■ TASK PROMPT: Begin with the line containing "Buy Light Blue" and reproduce it and all later lines exactly, through the last line of the records. Add nothing else.

■ DATASET:
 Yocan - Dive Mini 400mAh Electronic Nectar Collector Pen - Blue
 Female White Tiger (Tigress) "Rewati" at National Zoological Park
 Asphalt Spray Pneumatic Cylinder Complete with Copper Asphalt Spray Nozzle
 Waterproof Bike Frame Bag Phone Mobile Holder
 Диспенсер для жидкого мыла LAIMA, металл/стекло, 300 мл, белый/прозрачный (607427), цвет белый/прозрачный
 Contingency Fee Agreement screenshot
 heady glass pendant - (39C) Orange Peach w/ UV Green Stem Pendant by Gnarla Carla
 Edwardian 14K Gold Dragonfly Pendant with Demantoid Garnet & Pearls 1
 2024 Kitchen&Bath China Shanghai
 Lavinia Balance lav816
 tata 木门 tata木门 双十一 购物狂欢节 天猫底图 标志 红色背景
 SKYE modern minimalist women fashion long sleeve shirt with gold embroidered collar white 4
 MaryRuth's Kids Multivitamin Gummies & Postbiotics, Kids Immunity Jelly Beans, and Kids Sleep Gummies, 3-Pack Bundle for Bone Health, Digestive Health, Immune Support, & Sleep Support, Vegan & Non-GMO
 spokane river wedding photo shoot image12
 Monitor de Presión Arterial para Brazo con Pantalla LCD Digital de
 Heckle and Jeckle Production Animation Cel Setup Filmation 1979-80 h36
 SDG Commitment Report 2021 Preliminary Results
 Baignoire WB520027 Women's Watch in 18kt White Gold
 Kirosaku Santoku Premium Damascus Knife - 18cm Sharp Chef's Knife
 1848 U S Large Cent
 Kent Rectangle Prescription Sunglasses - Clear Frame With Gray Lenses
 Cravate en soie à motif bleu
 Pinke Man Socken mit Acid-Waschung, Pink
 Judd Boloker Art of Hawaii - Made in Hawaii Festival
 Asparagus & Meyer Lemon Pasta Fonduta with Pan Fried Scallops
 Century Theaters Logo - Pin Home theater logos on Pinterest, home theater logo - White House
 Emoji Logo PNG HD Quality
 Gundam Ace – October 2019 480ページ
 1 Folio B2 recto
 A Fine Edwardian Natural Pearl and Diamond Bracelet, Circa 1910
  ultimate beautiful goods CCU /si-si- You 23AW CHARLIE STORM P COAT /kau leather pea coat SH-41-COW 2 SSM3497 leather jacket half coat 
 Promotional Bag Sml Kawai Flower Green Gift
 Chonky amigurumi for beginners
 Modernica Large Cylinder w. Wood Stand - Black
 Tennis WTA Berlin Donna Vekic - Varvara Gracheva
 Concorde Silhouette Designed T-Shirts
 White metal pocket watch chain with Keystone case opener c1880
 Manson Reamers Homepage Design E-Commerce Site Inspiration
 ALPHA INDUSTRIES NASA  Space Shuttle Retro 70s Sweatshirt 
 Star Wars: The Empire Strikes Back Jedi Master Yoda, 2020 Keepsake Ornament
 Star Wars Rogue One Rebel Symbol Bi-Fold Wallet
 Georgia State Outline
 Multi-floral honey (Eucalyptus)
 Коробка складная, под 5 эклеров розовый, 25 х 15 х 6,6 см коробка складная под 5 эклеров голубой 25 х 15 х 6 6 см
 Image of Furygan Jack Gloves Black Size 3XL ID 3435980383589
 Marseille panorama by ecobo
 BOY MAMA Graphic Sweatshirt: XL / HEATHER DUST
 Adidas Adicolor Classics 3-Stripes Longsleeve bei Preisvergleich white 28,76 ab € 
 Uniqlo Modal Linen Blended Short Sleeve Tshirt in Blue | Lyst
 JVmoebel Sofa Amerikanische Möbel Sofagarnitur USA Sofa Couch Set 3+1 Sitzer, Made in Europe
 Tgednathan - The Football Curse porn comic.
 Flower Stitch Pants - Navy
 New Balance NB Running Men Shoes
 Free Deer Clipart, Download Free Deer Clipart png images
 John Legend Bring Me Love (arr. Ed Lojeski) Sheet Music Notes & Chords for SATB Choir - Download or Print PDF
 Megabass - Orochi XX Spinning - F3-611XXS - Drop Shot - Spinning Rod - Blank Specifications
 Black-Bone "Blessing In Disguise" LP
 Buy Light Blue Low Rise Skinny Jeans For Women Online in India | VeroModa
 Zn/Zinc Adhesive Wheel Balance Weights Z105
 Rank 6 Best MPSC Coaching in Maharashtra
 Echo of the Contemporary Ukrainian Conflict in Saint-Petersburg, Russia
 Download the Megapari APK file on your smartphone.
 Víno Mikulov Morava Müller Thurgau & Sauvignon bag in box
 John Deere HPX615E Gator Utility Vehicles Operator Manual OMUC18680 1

■ RESULT BELOW:
 Buy Light Blue Low Rise Skinny Jeans For Women Online in India | VeroModa
 Zn/Zinc Adhesive Wheel Balance Weights Z105
 Rank 6 Best MPSC Coaching in Maharashtra
 Echo of the Contemporary Ukrainian Conflict in Saint-Petersburg, Russia
 Download the Megapari APK file on your smartphone.
 Víno Mikulov Morava Müller Thurgau & Sauvignon bag in box
 John Deere HPX615E Gator Utility Vehicles Operator Manual OMUC18680 1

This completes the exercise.